1 of 1 people found the following review helpful.
An interesting overview
By Fred Camfield
This is a somewhat brief overview of a four century long Viking period, starting with groups that were like tribal mauraders gathering loot, and progressing through periods of colonization and eventually established national governments. It was not that far back that Sweden was a msjor power in Europe, controlling an area much larger than present day Sweden. The Danes briefly controlled England and Ireland before being driven out. Rollo established a much more enduring kingdom in Normandy. Many of us alive today are descended from various intermarriages.
The author tries to separate fact from myth, a major endeavor. Storytellers writing sagas tended to use a great deal of literary license. There are undoubtedly true facts behind stories like Beowulf, but it requires some interpretation to separate the facts from fiction. One can wonder about the legendary Sigurd, slayer of the dragon Favne. Much of what we know comes from the so-called Icelandic Sagas.

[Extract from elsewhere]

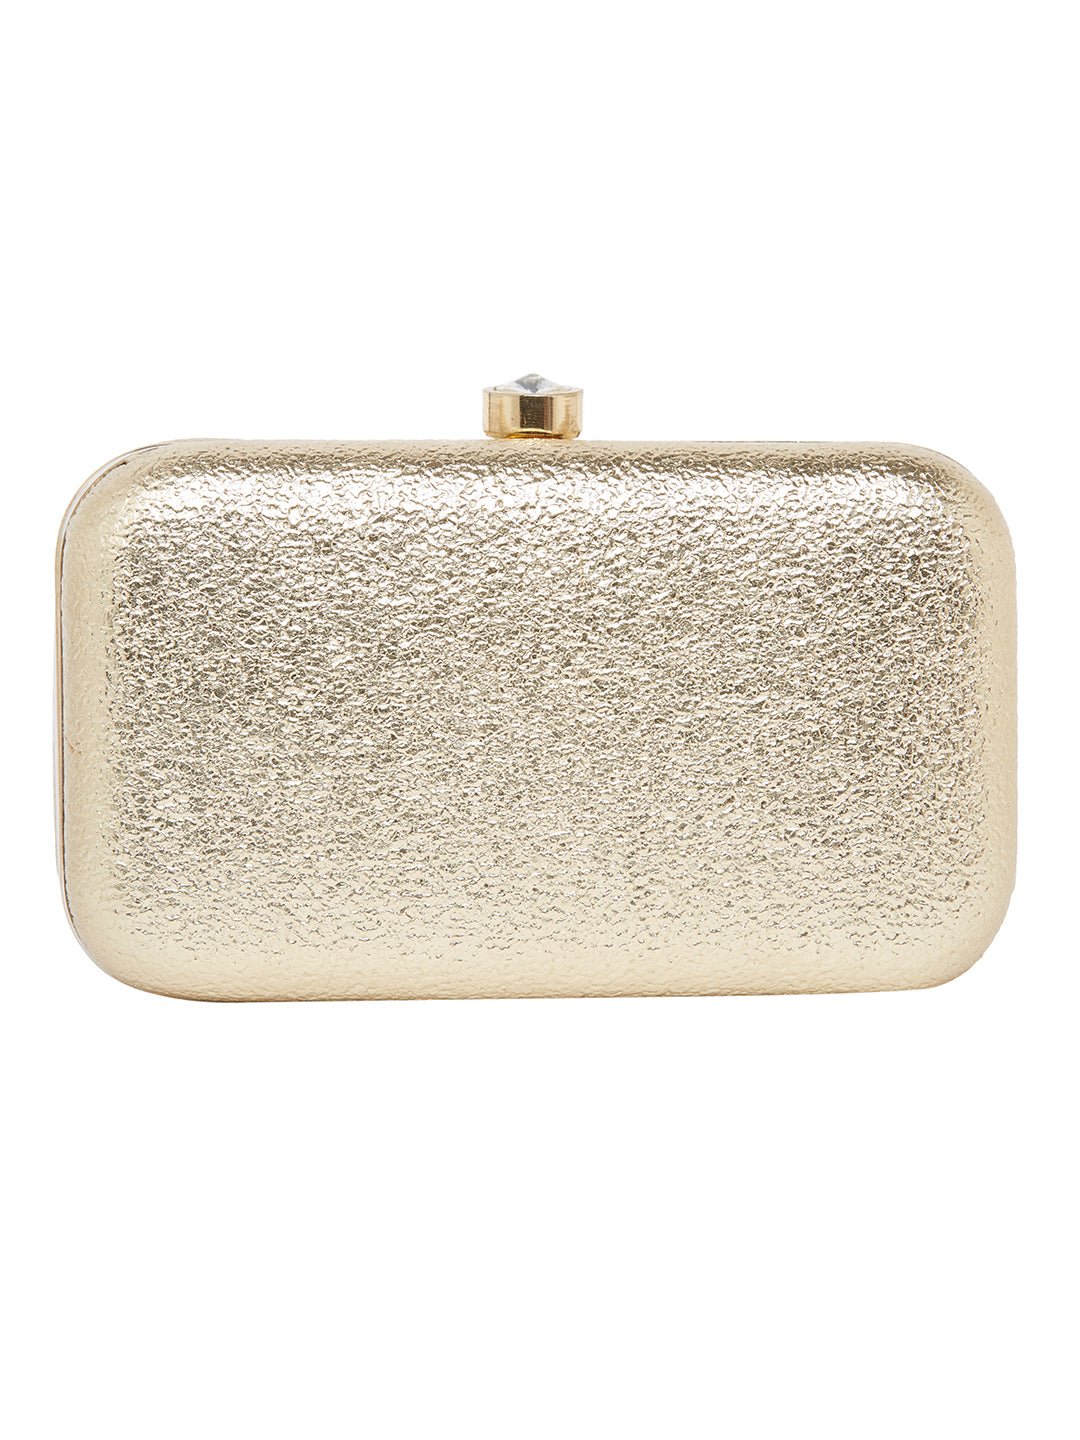 A Base gold clutch bag with a metal chain on a white background, made by Vdesi.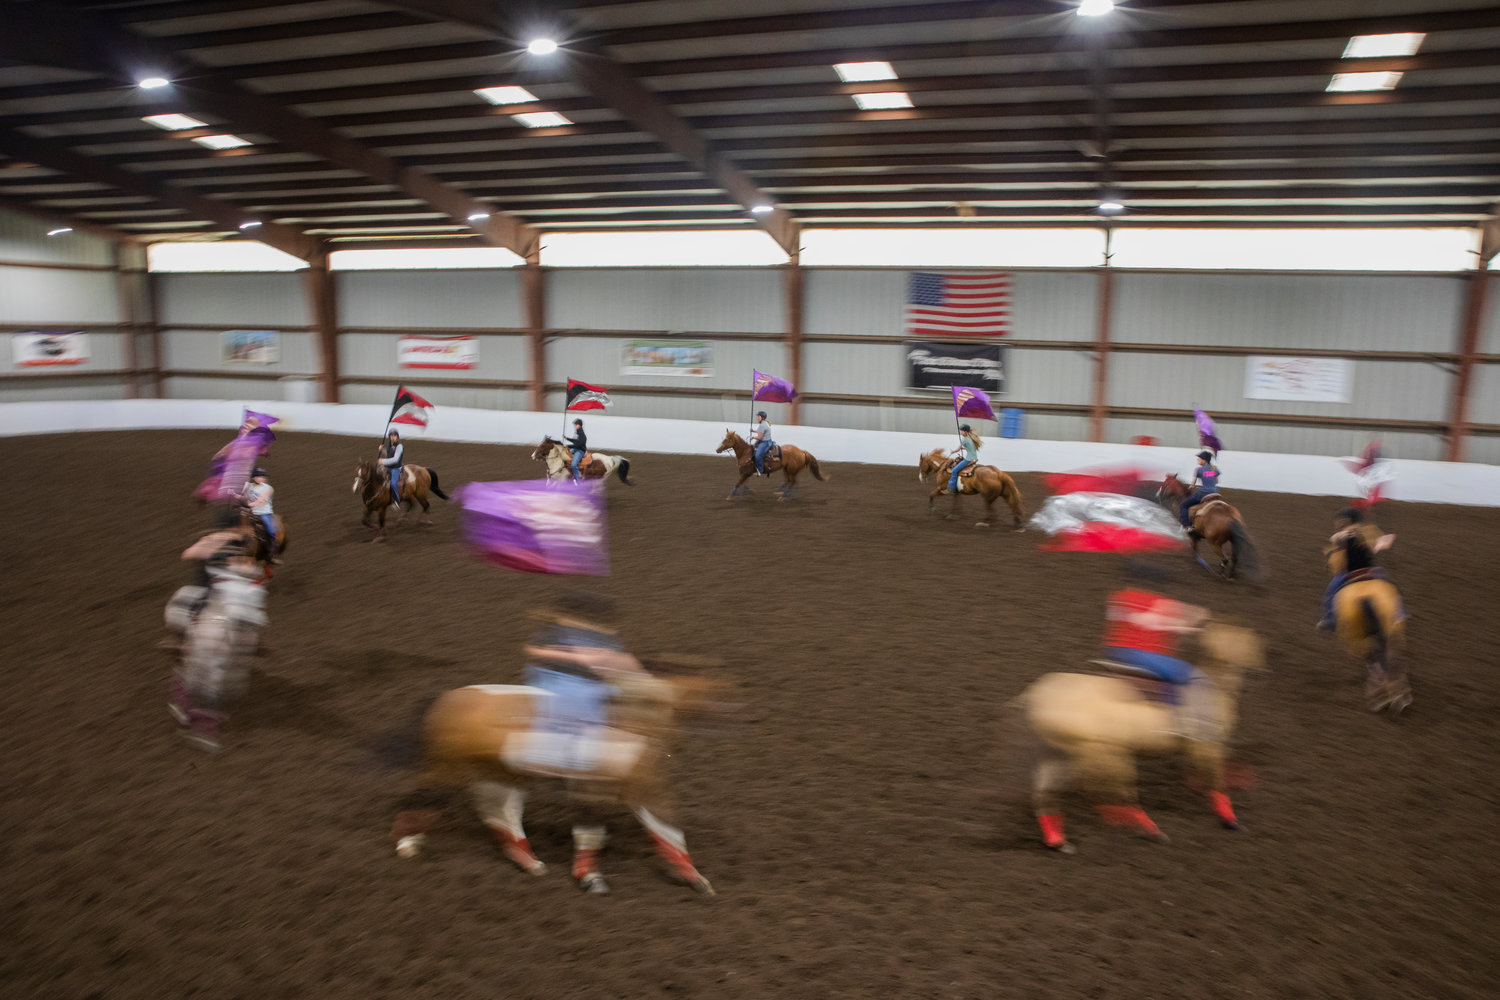 The W.F. West equestrian drill team runs through choreographed movements to music in Salkum’s Rocky Top Arena on Monday.

The author does provide a good general picture of the period. Three was established trade in commodities ranging from fur and amnber to slaves (yes, original slaves were white). There was an established social order of freemen, freed slaves, and slaves. The author mentions the practice of weregild, i.e., the payment of money to the family of someone whom you killed - a practice that still exists between tribes in Afghanistan.
Overall, it is a good book to read if you have an interest in the society of the Viking period.